What "typical day" means¶
Each season produces output for a typical Thursday (midweek) and a typical Saturday (weekend). This is distinct from AADT, which averages across all days of the year without distinguishing weekday from weekend or accounting for seasonal variation.
Megaregions¶
The country is divided into 12 megaregions: Alaska, Cal-Nev, Great Lakes, Hawaii, Mid-Atlantic, North Atlantic, North Central, Northeast, Northwest, South Atlantic, South Central, and Southwest.
Cross-megaregion trips¶
Limited support exists for travel between megaregions. Some trips have "out of region" origin/destination values. These may originate from bordering counties ("donut region") and include:
- Trips by border-county residents who work or attend school within the megaregion
- External-to-external trips using a road within the megaregion
Donut trips¶
In the cross-megaregion context, "core" refers to the interior of a megaregion and "donut" refers to counties whose boundaries adjoin a neighboring megaregion (border counties). Donut trips are specifically trips between one megaregion's core and the donut of an adjoining megaregion. These are distinct from generic cross-megaregion trips and are generated separately when building trip tables for border areas. People in the donut have person.residentType = 'DONUT' in the trip table.
Trips¶
Definition¶
A trip is a movement between places. A trip begins when a person leaves a location and ends when they stop to perform a non-travel activity.

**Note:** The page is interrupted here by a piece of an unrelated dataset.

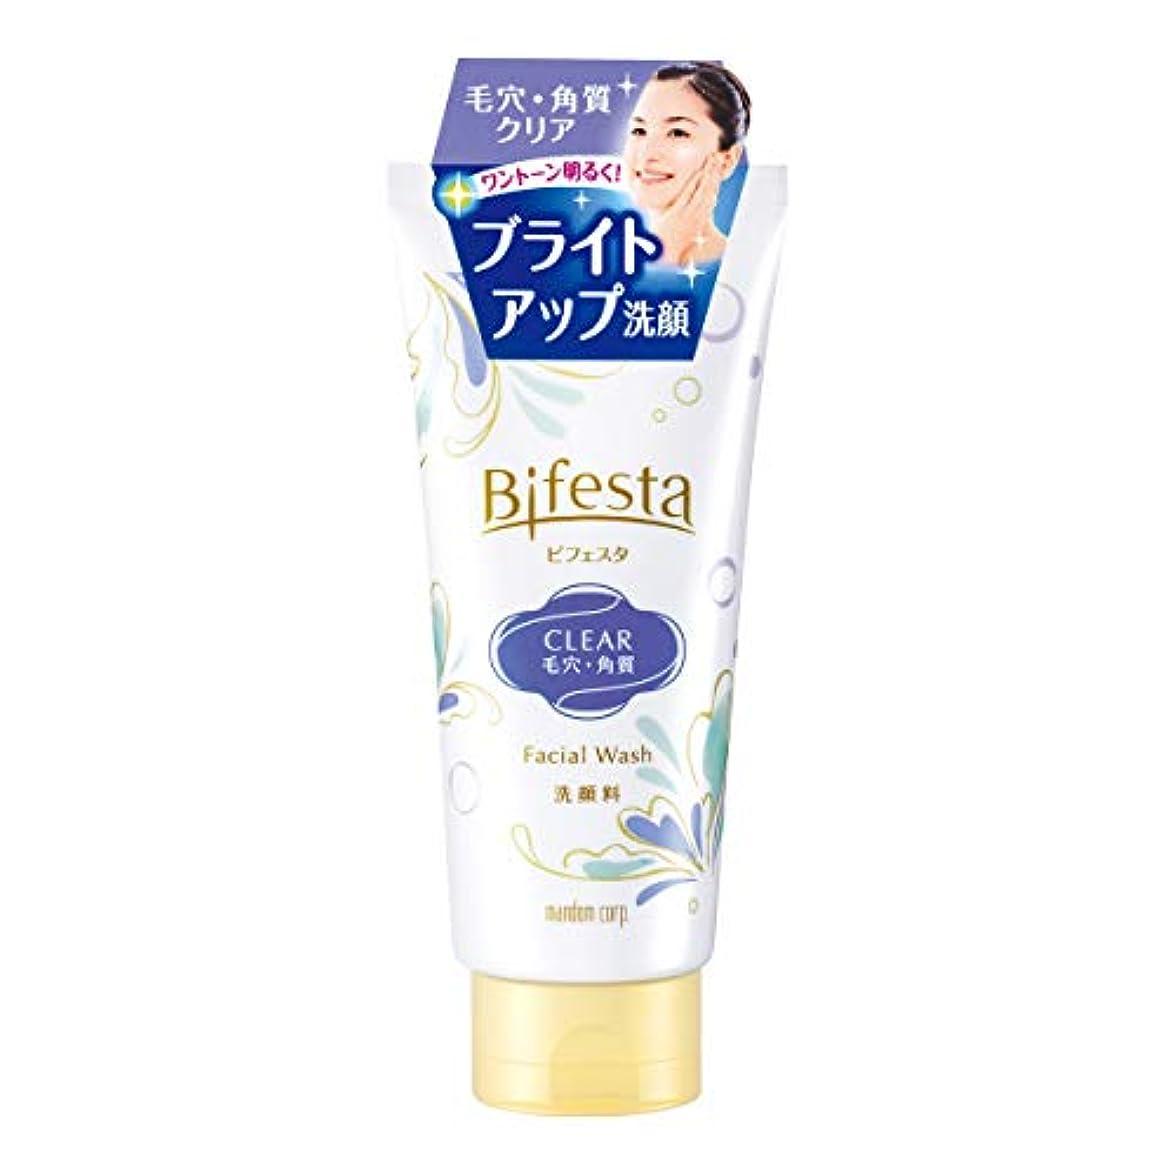 等々イタリック特許ビフェスタ(Bifesta)洗顔 クリア 120g 毛穴?角質クリアタイプの洗顔料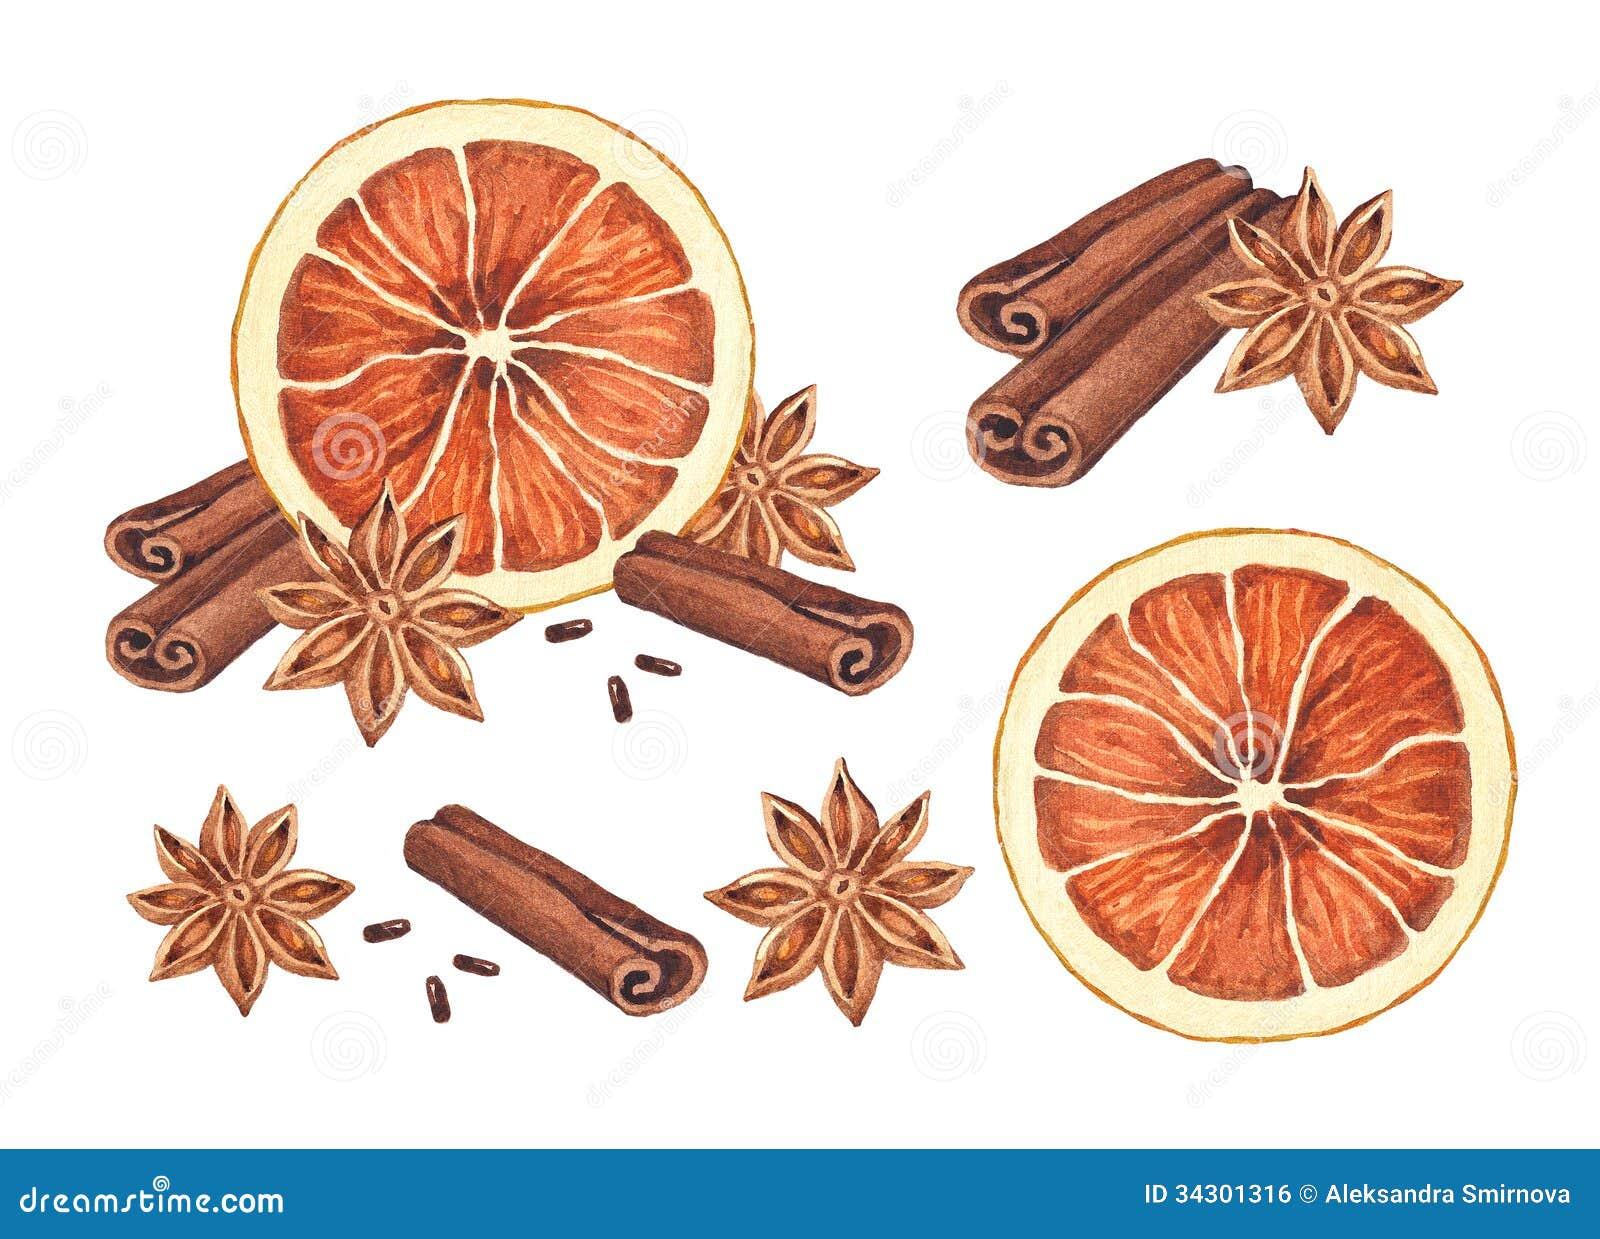 cinnamon stick clip art

Example: Walking from home to a cafe, sitting for coffee, then walking to work = two trips (home-to-cafe and cafe-to-work).
Multi-modal trips¶
A single trip can involve multiple modes (e.g., walk to bus stop, ride bus). These are modeled as separate trip segments but counted as one trip. Primary mode is assigned by this ranking:
- Public transit
- Driving / Auto passenger / Taxi / TNC
- Biking
- Walking
Transit-to-transit transfers are part of the same trip. However, unlinked transit legs will appear separately if you sum trips by transit submode or click on an individual station in a Study.
Caveat: All transit access in the model is via walking or driving — no bike, passenger drop-off, or for-hire vehicle access to transit is modeled.
Dwell time threshold¶
Trips are separated at stay points detected from composite data sources:
- Stays over 5 minutes are detected with >85% accuracy
- Stays of 15 minutes are detected at ~90% accuracy
- Very short stops (e.g., drive-through coffee) often cannot be detected and will not generate a separate trip
Transit wait time¶
Trip start times are optimized so there is no wait time before the first transit leg. For transfer wait times, compare end/start times of consecutive legs in BigQuery.
Trip-level fields¶
| Field | Description |
|---|---|
| Origin / Destination | Specific lat/lon points (building-footprint level, not zone-to-zone) |
| Origin / Destination land use | Land use category at each end |
| Trip distance | Total distance traveled |
| Trip duration | Total elapsed time |
| Start / End time | Departure and arrival timestamps |
| Trip mode | Private auto driver, private auto passenger, public transit, walking, biking, freight, TNC |
| Trip purpose | home, work, errands, eat, social, shop, recreation, commercial, school, region_departure |
| Routing | Complete network links and transit routes for each trip |
Trip purpose¶
Replica uses a location choice model (LCM) to determine purpose for discretionary activities (everything other than home/work/school). The model selects specific venues and POIs as destinations, proportional to their observed aggregate popularity by day-of-week and hour.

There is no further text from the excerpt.